Hawaii state tax collections came in stronger than expected for the year ended June 30.

Total deposits into the state’s general fund were down 0.9 percent for the year, compared to the previous year, according to preliminary figures from the Hawaii Department of Taxation. That’s stronger than the minus 1.6 percent growth forecast by the Council on Revenues, which lawmakers relied on to build the state’s 2012 and 2013 budgets.

Dean Hirata, deputy director of the state Department of Budget and Finance, called the stronger growth “good news.”

“The June results are encouraging as we look at the Hawaii economy going forward,” Hirata told Civil Beat.

If the minus 1.6 percent growth had panned out, it would have resulted in the general fund finishing the year about $70 million shy of the fiscal 2010 balance.

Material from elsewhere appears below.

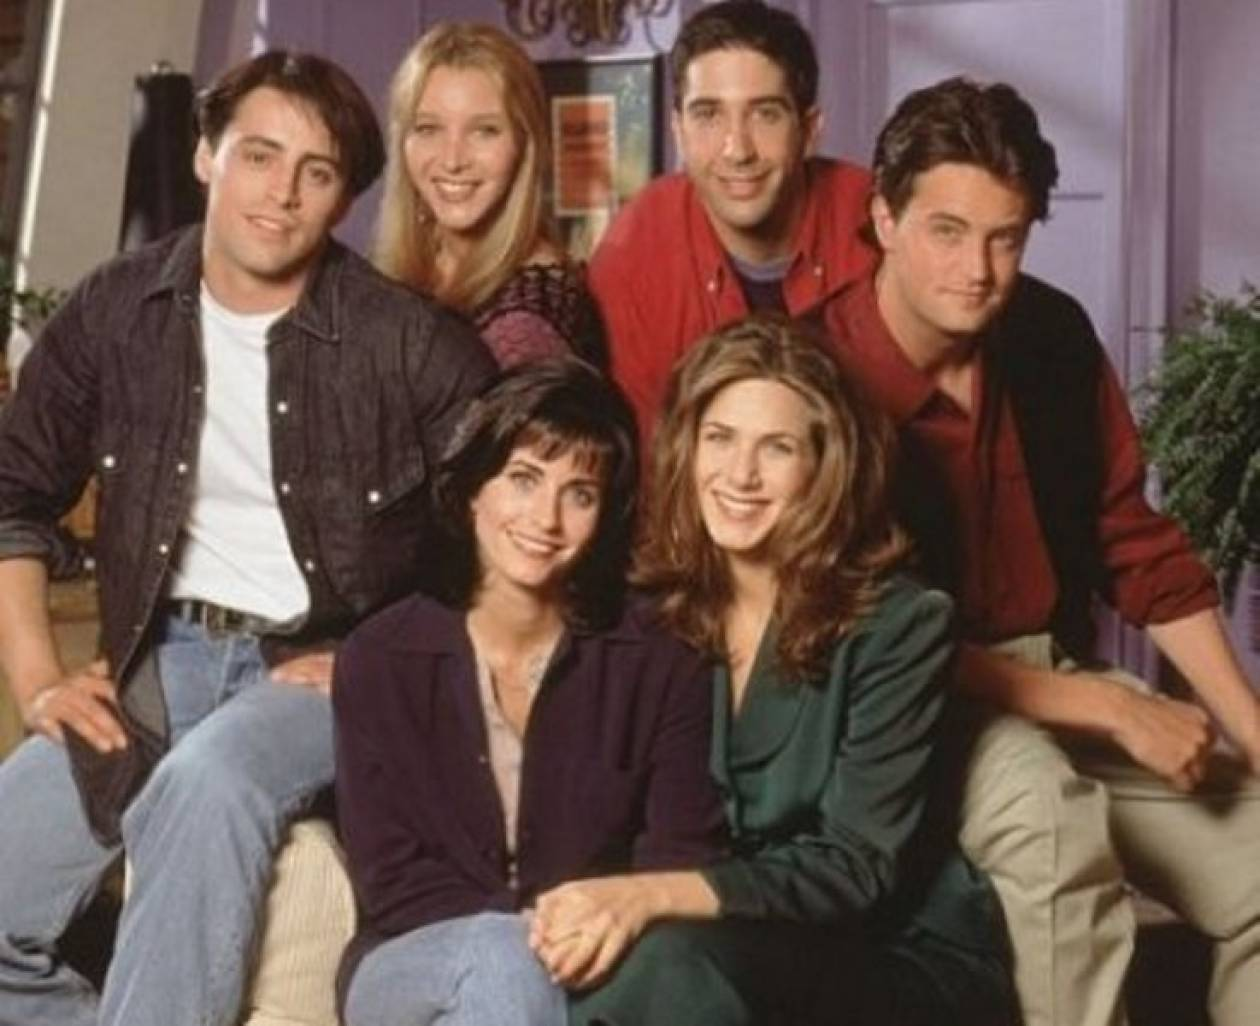 Friends: Ποιο μέλος αρνείται να συμμετάσχει στα νέα επεισόδια;

Under that previous revenue estimate, the state had faced an approximately $230 million shortfall for the 2011 budget year. Lawmakers gave Abercrombie the authority to tap into the Hurricane Relief Fund to cover that deficit.

Hirata stressed that the stronger growth won’t affect the state’s approved operating budget, which Gov. Neil Abercrombie signed into law on June 23.

“We should view the (minus 0.9 percent growth) as a cushion or reserve closing out fiscal 2011 year and going into fiscal 2012,” Hirata said. “It does not change the budget that was recently signed by the Governor and we will continue to address the challenges in the FY2012-13 biennium budget, which includes estimates on the revenue side and significant savings and reductions on the expenditure side.”

The Tax Department attributed the overall decline to delayed income tax refunds back in July 2010.

“If the accrued refunds are factored out, general fund deposits have increased by 3.4 percent,” Tax Director Fred Pablo said in a prepared statement.

Within the general fund, General Excise and Use Taxes — the single largest category — for the year totaled $2.49 billion, up 7.7 percent over last fiscal year. Transient Accommodation Tax collections totaled $284.5 million for the year, up almost 27 percent.